- YOUR OBJECTIVE
Restate each of the lines below word for word and drop every picture.

- AVAILABLE DATA
* * * * * * * * *
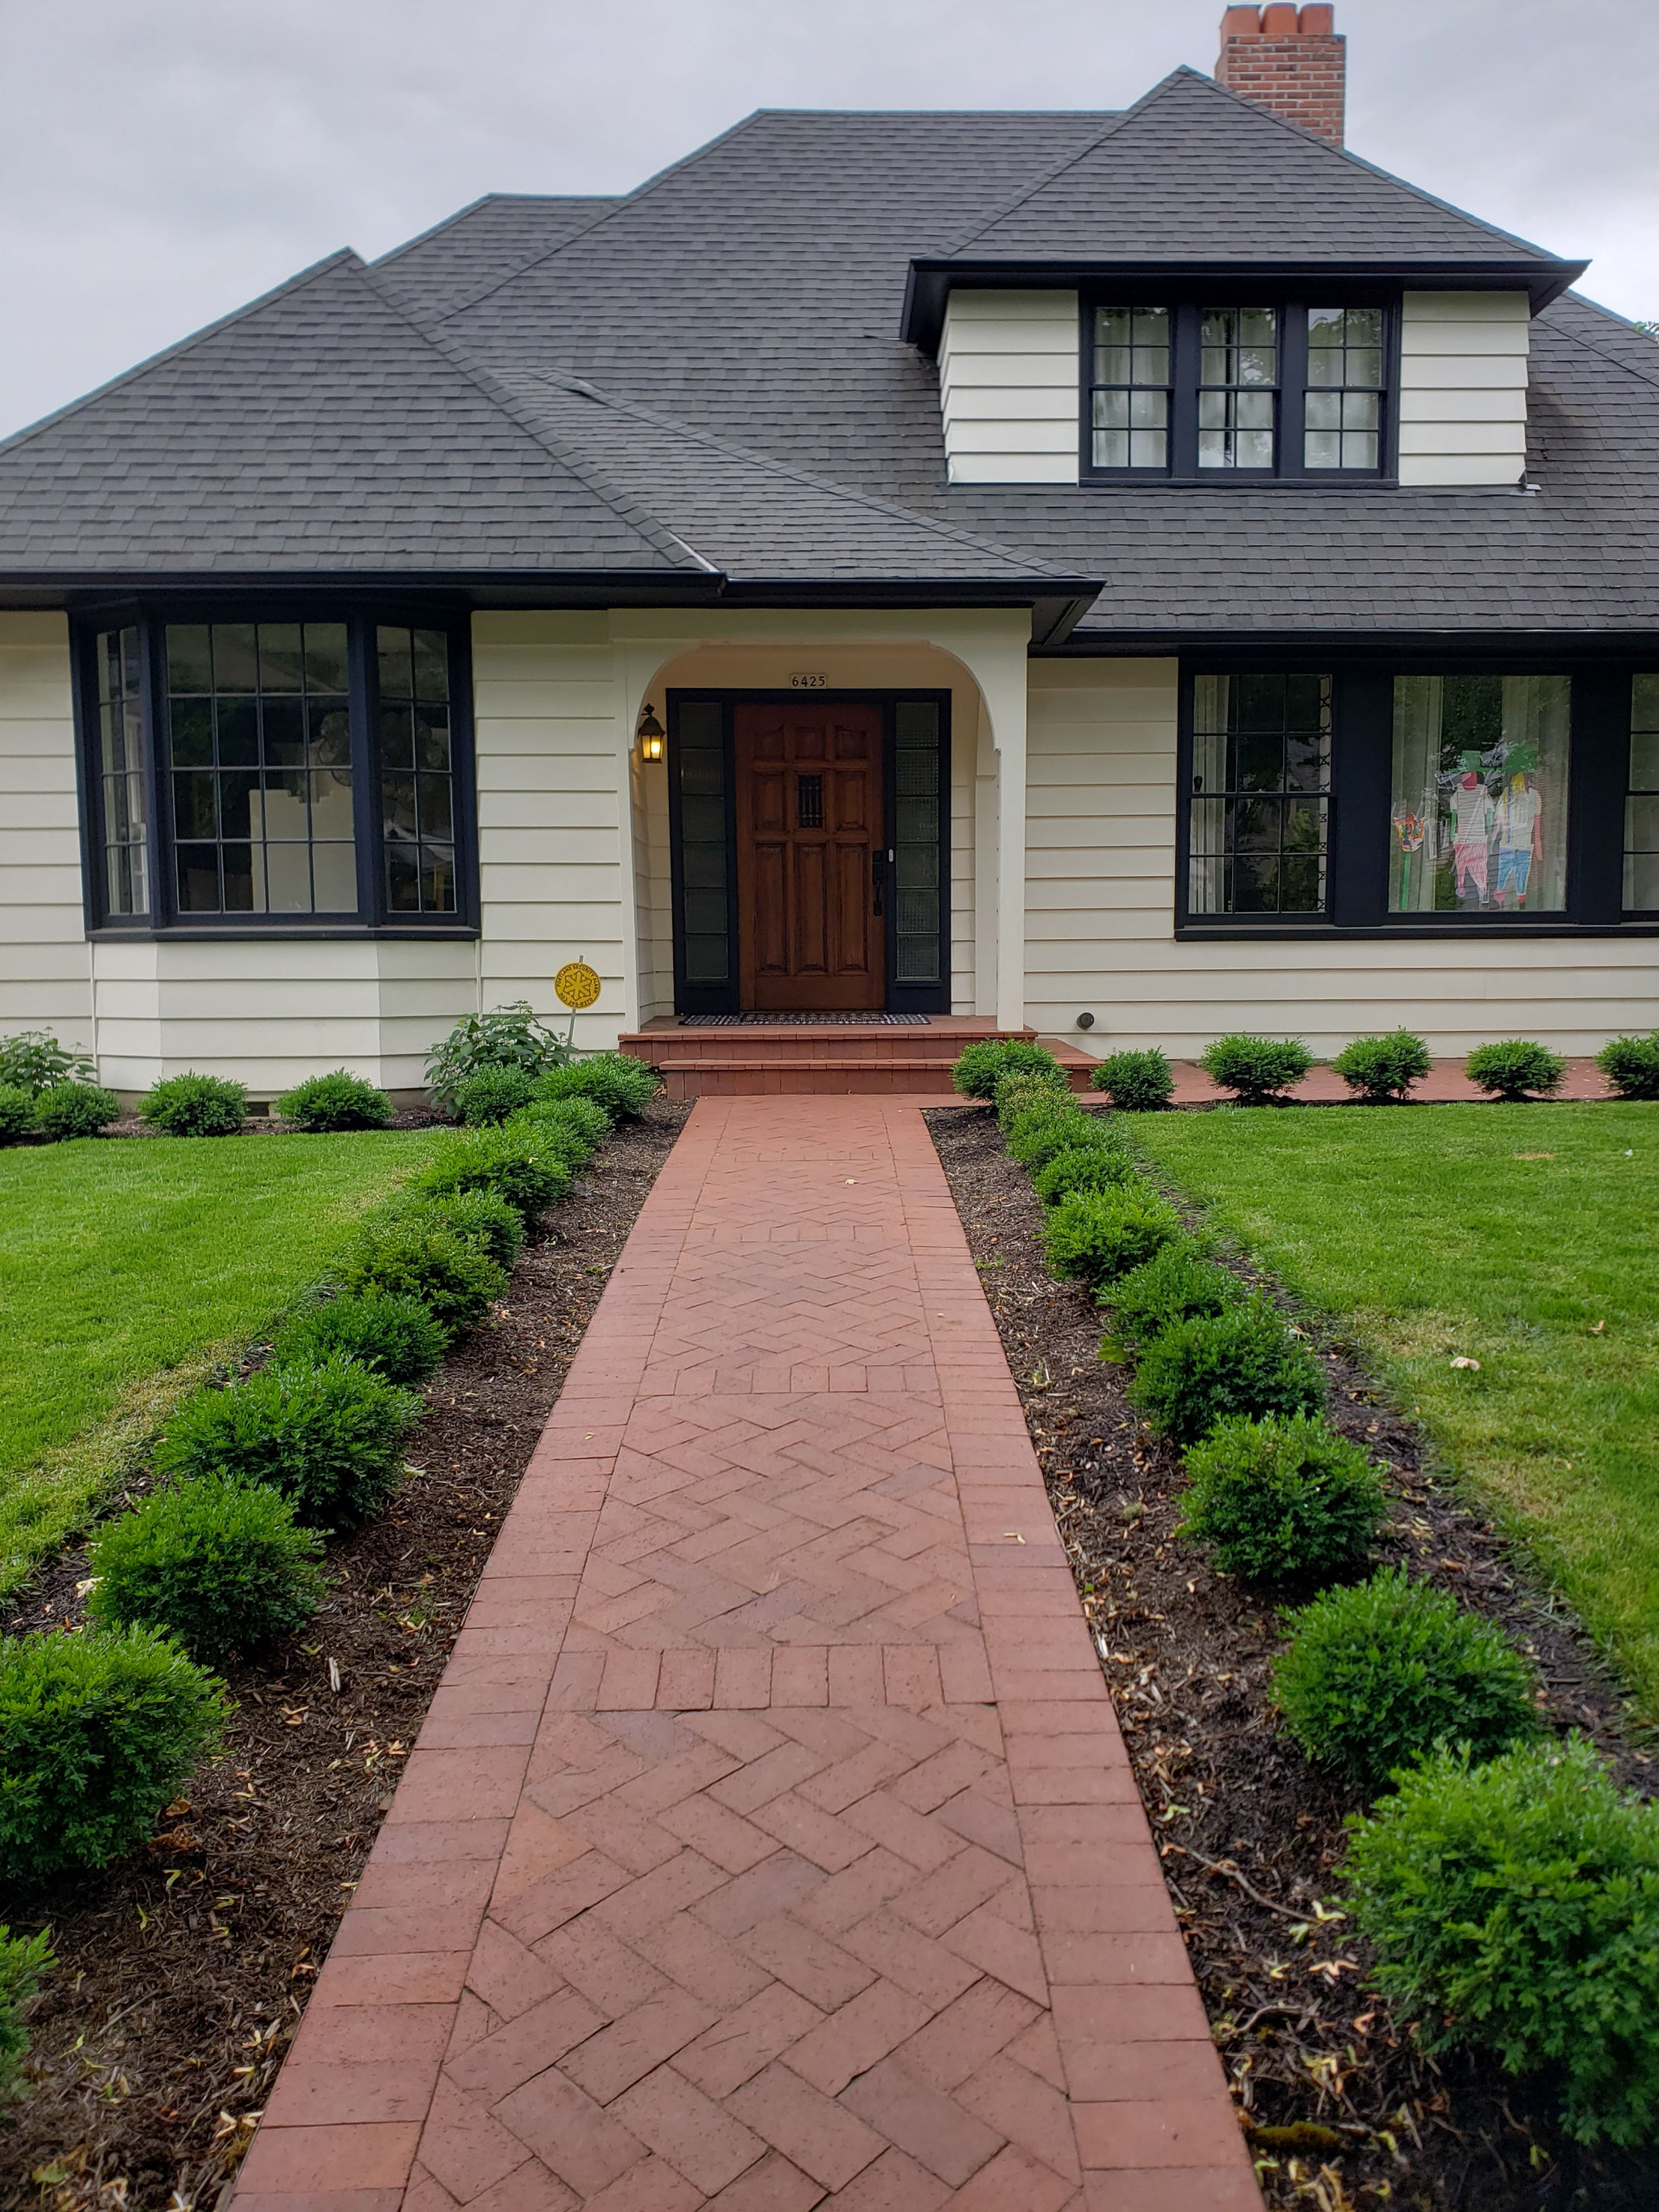 Revamp Your Curb Appeal With Stunning Walkway Front Yard Landscape Design
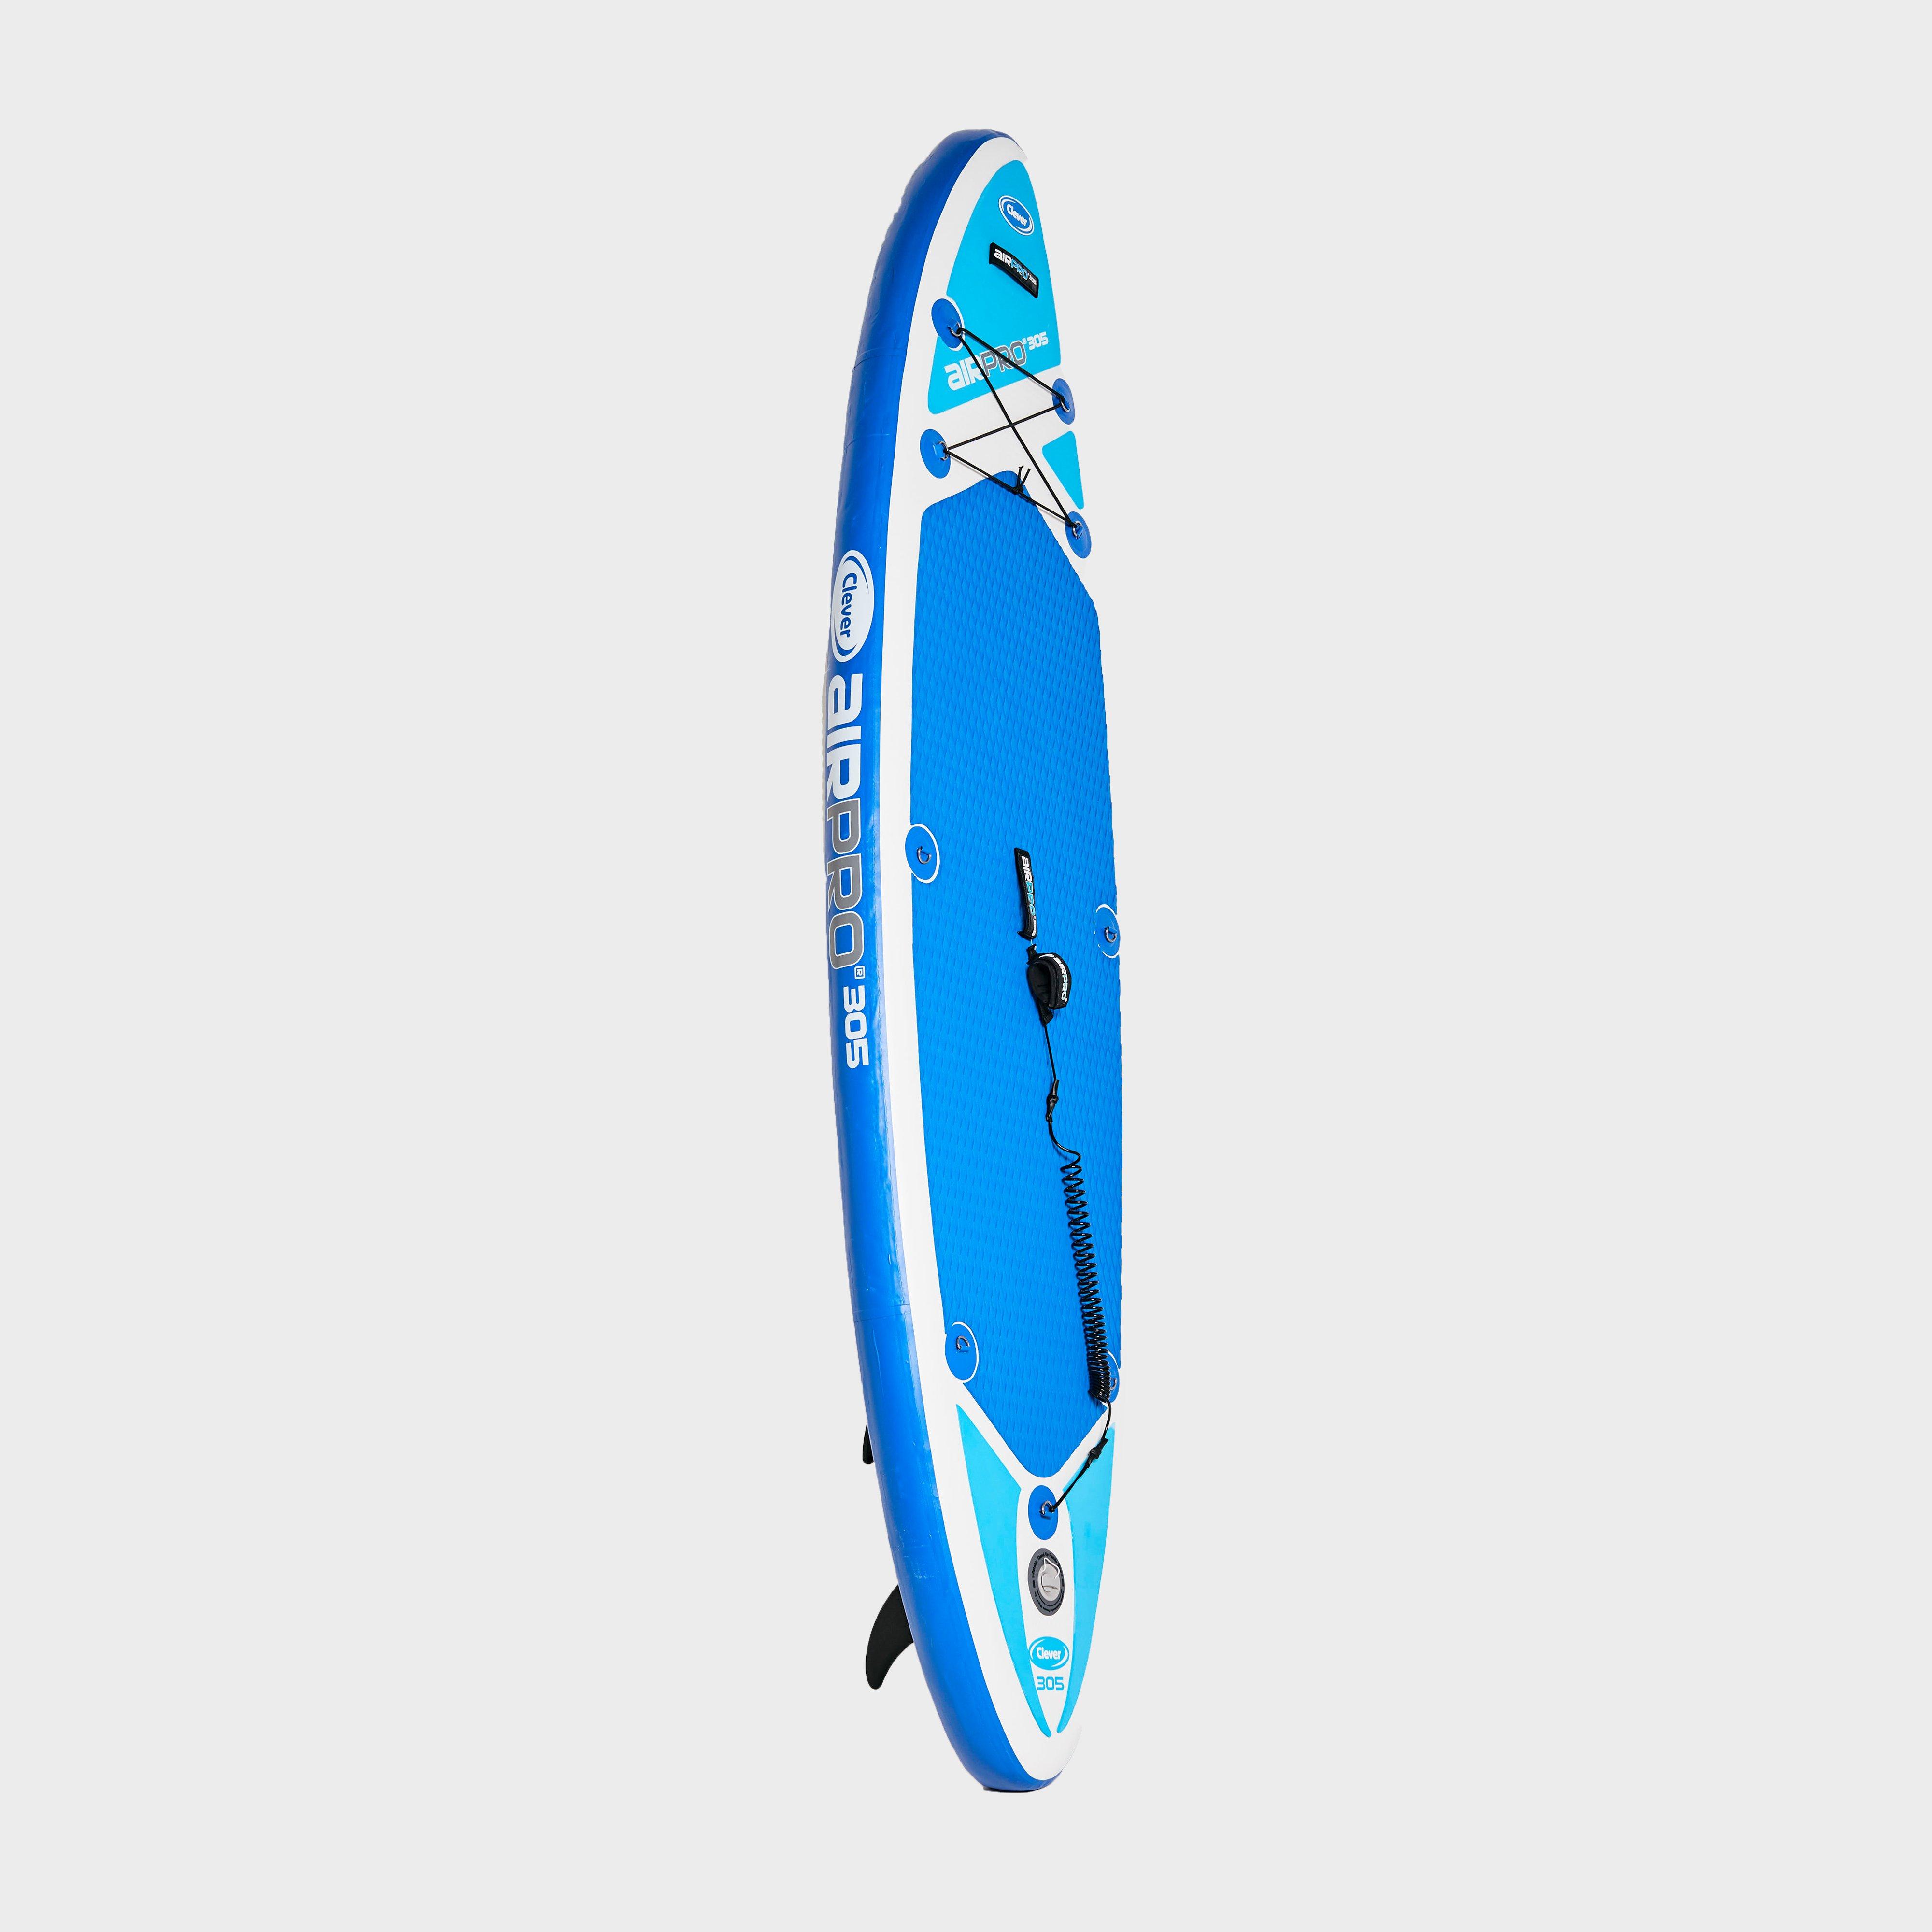 Clever Aipro Airpro 305 (10FT) Inflatable Stand-up Paddleboard Review
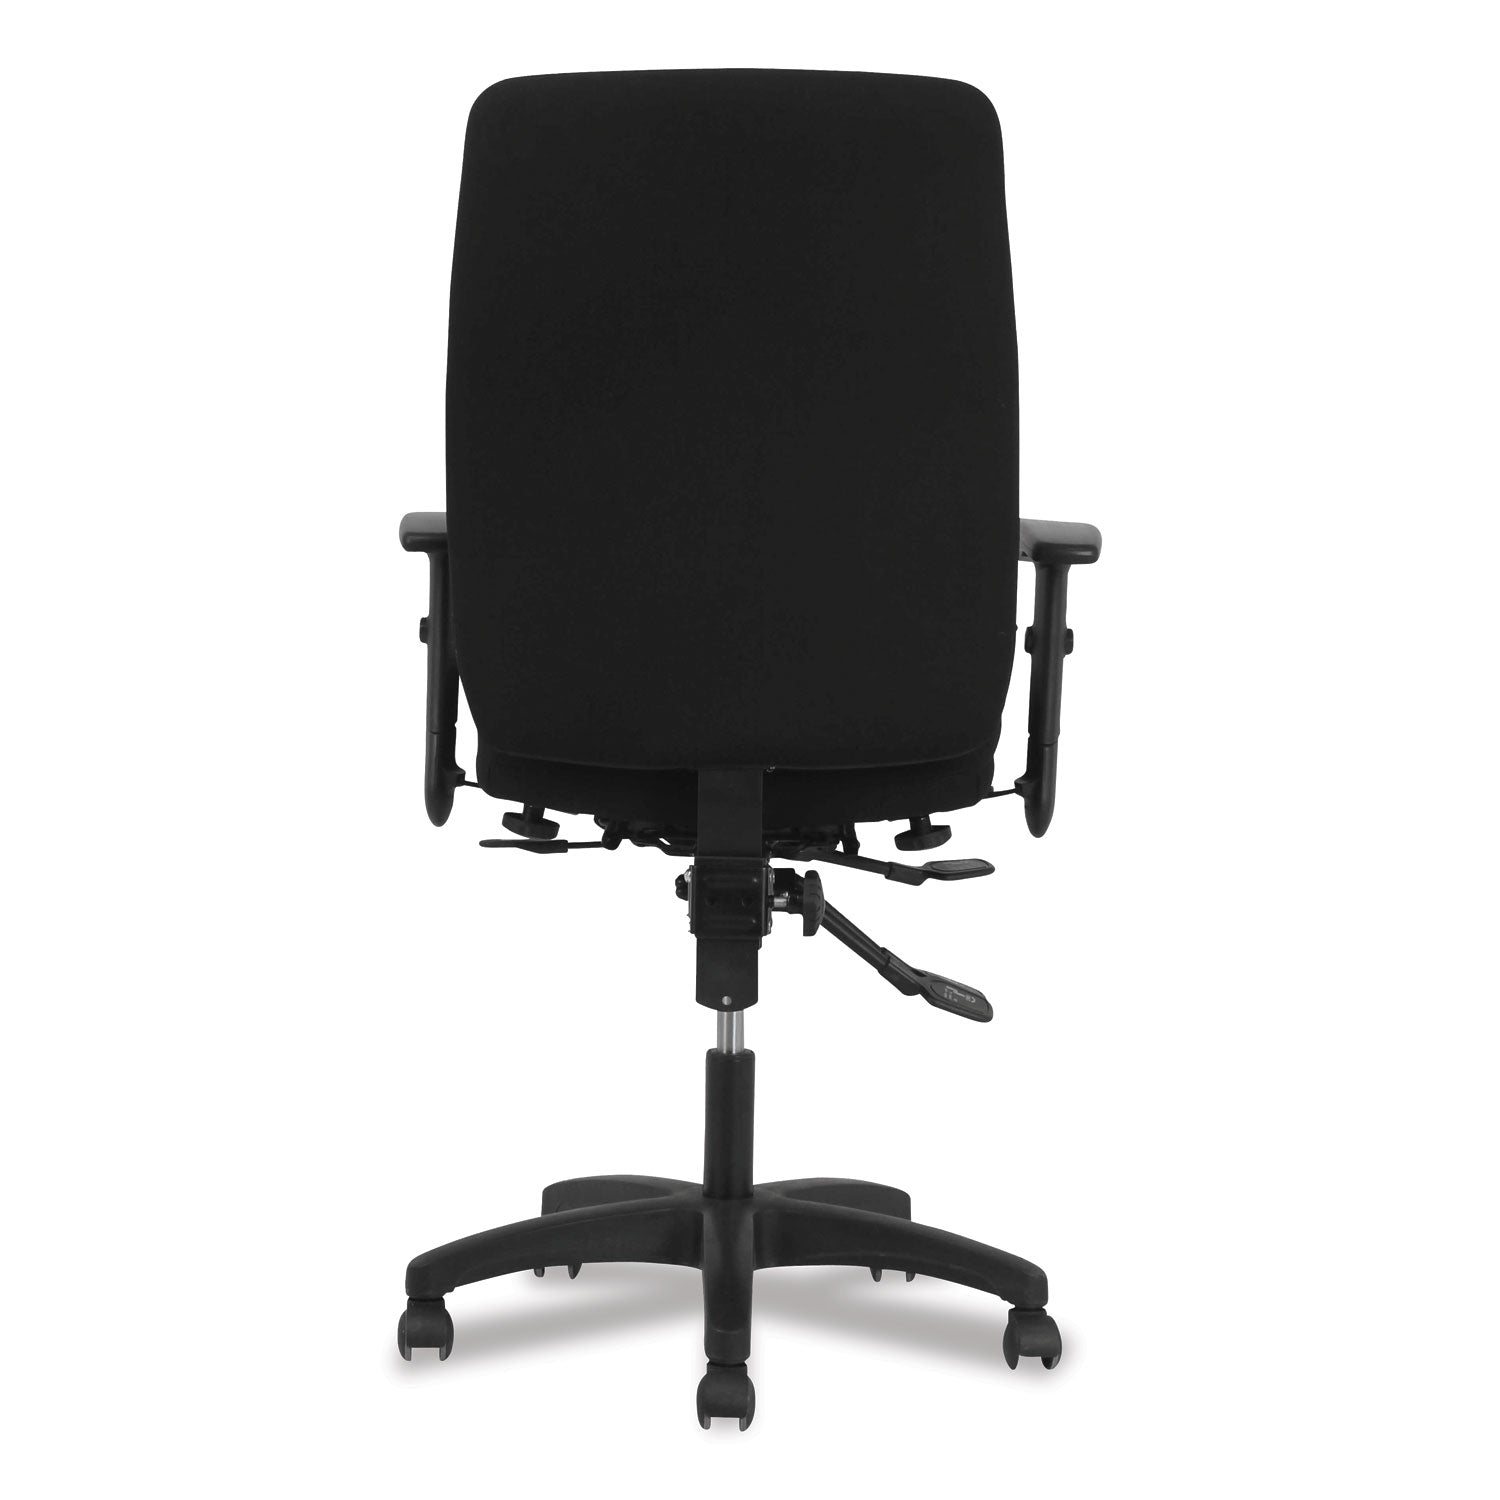 network-high-back-chair-supports-up-to-250-lb-183-to-228-seat-height-black_honvl283a2va10t - 5
* * * * * * * * *
- YOUR RESPONSE
 Revamp Your Curb Appeal With Stunning Walkway Front Yard Landscape Design
 Clever Aipro Airpro 305 (10FT) Inflatable Stand-up Paddleboard Review
 network-high-back-chair-supports-up-to-250-lb-183-to-228-seat-height-black_honvl283a2va10t - 5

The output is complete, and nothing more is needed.